From the perspective of a beach-side vacation, Hamilton observed the simple delights of families and friends enjoying time together by the ocean and appreciated it for all of that. At the same time, he noted that for some in our communities, there can be deep pain and grief associated with the beach, the ocean.  While for many of us they are places of recreation, fun, friendship and inspiration, for others they can be reminders of death, invasion, defeat, exclusion and bitter memories.

No place, no symbol, no word, can carry a single association for different individuals.  It could be said that even a single individual has different associations with places, symbols and words at different times and in different circumstances. It is even more so for a nation.

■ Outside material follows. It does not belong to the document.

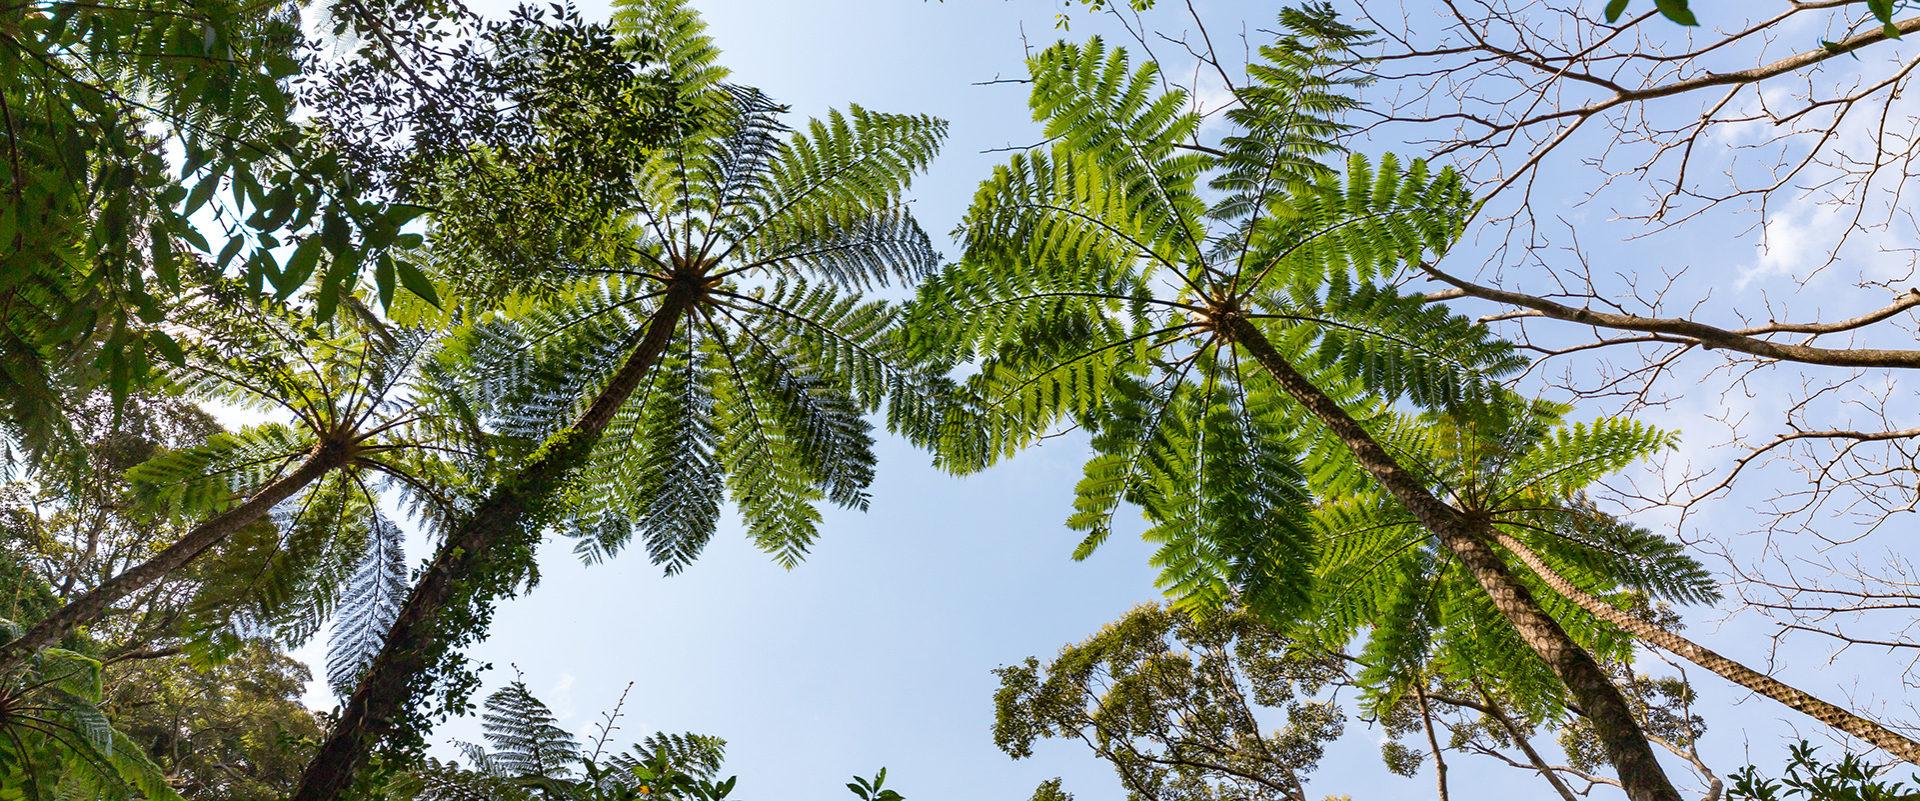 金策原原生林
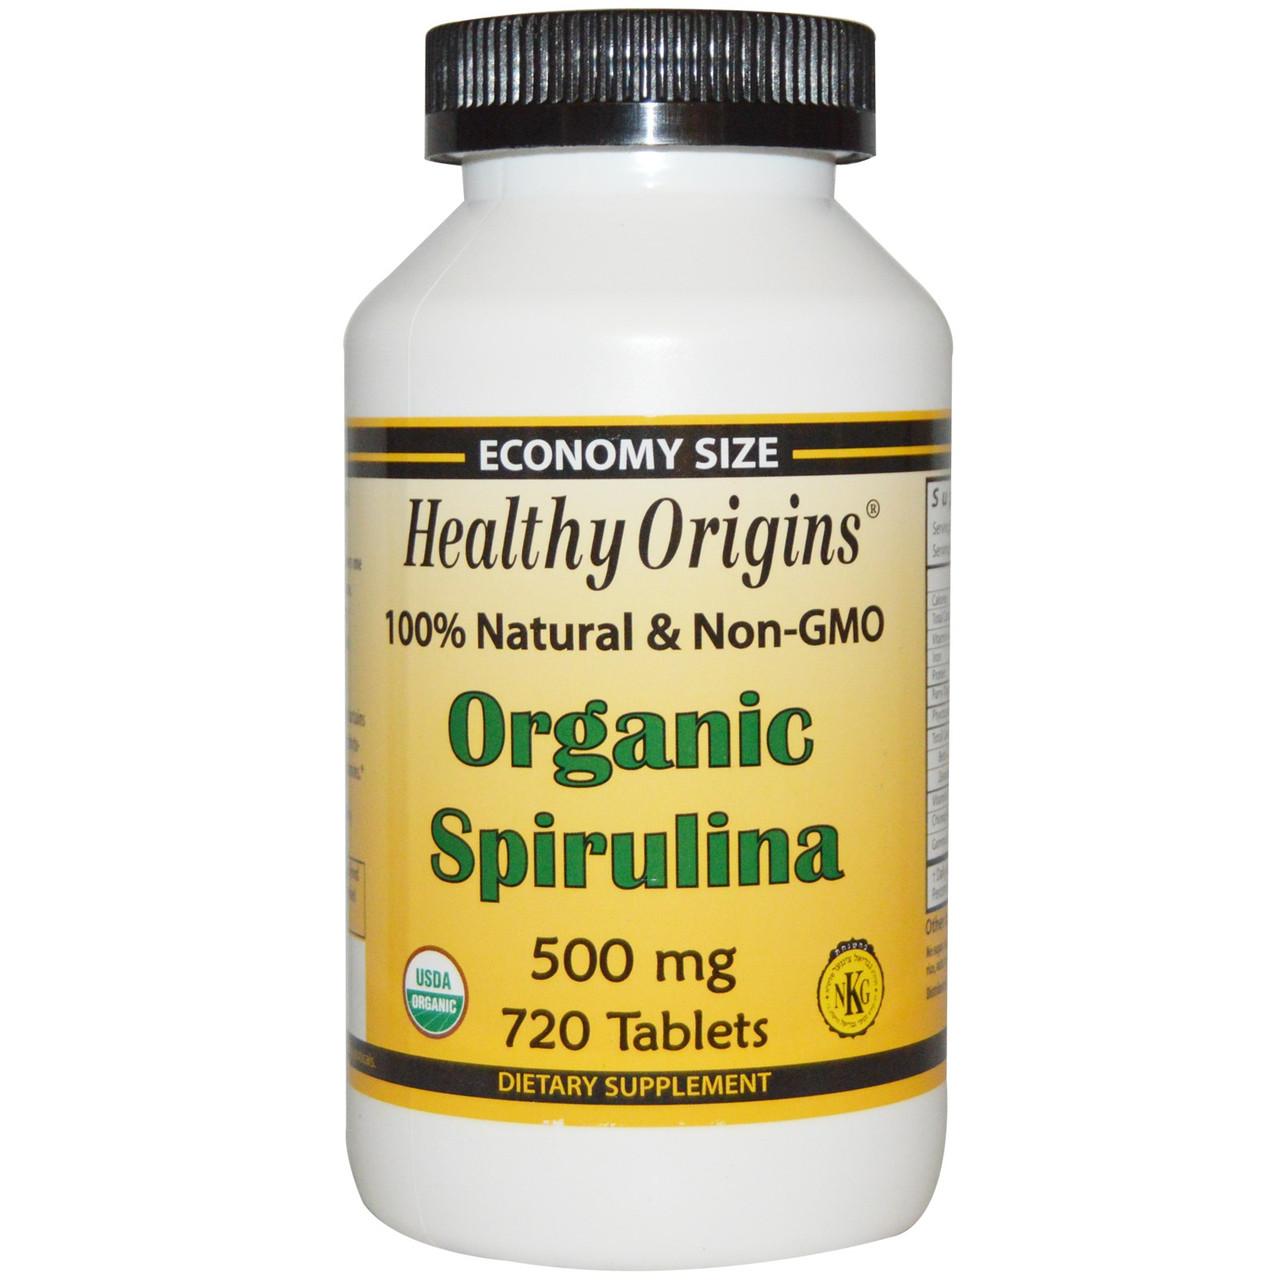 Органическая спирулина, Healthy Origins, 500 мг, 720 таблеток

What I find most refreshing in Hamilton’s article is that he does not try to deny the painful and the broken in our national relationships.  That is, he encourages us to bring the whole gamut of our responses, that is, the positive AND the negative, to days such as Australia Day.

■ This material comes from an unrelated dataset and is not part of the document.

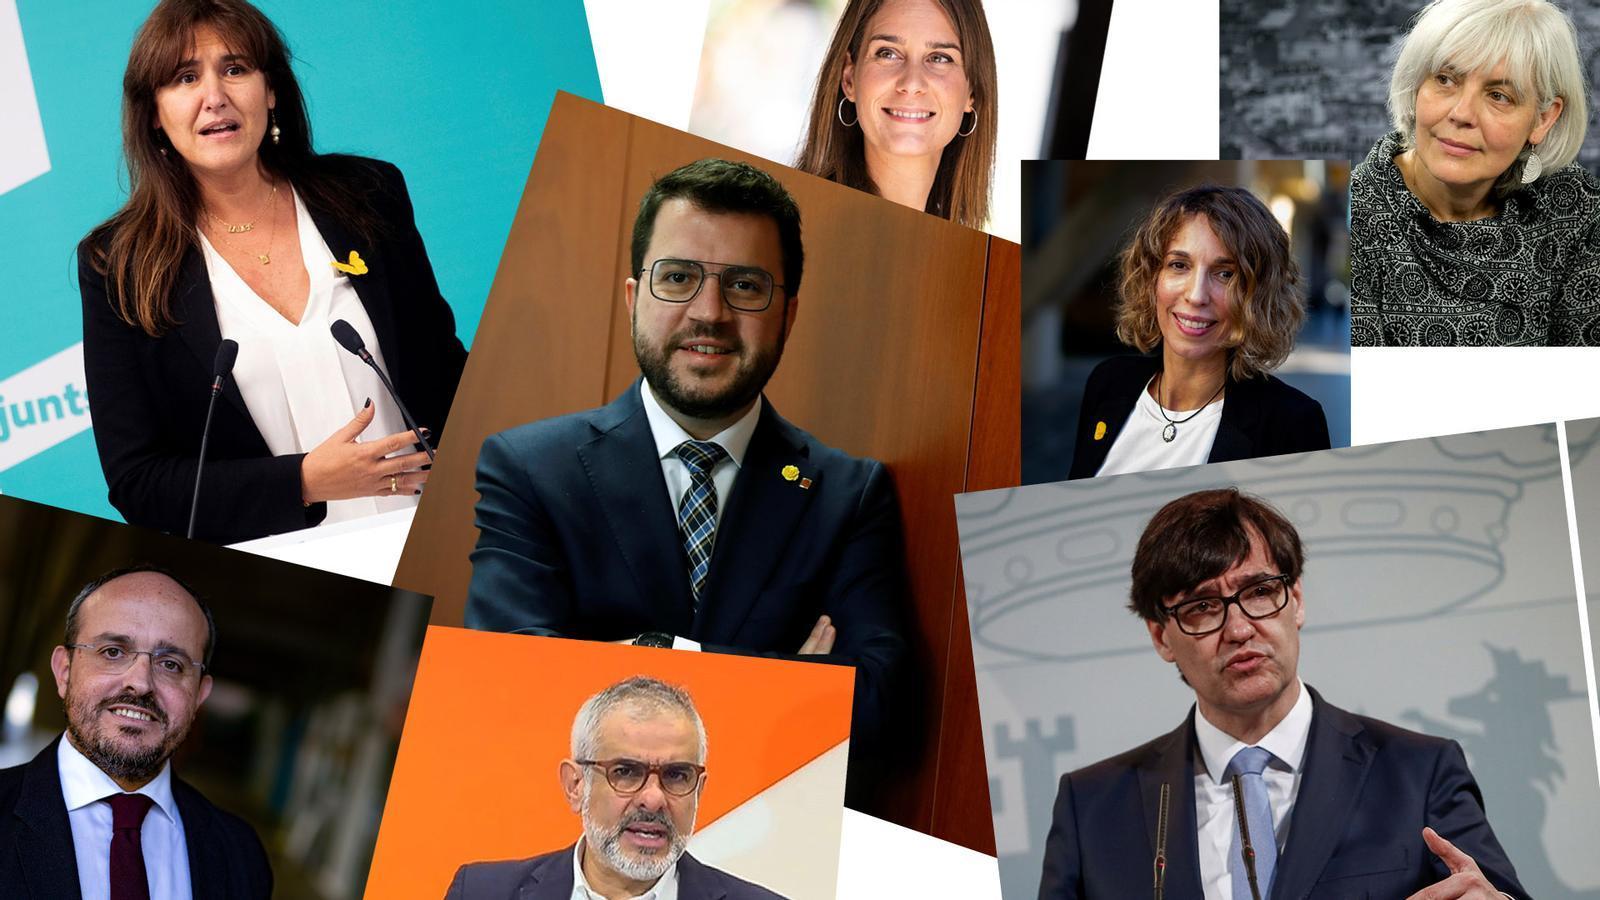 L'anàlisi d'Antoni Bassas: Cal suspendre les eleccions?

National days, however, he writes, are more properly about memory and attentiveness to all the relationships that compose Australia. They invite us to notice and be thankful for and to celebrate the tenderness of our domestic relationships and the general amiability of our relationships with strangers and our international relationships.

They invite us also to allow these good things to measure the prejudice, gross inequality and violence in our society and the brutal self-interest in our dealings with other nations. They also measure the historical relationships that have shaped Australia, and particularly the violence, dispossession and subsequent discrimination and neglect in our relationships with Indigenous Australians.

Such an attentiveness calls for nuanced celebrations and more reflective language, ceremony and symbol in our celebration of such national days. In some ways, we have begun to do this in our celebration of Anzac Day, in which we try to balance the honour due to the brave, not only of our own country but of those against whom we once fought many of whom are now part of our nation; a balance, too, between the heroic and the horrors of all warfare – the best and the worst of humankind; between solemnity and iconic larrikinism.

Recent events suggest that we still have some way to go in developing such a balanced attentiveness in our celebration of Australia Day. The challenge of this is finely stated by Hamilton: Whenever it is celebrated Australia Day should evoke memories that make us thankful and memories that make us ashamed. Its celebration should also encourage us to reform what has been bent.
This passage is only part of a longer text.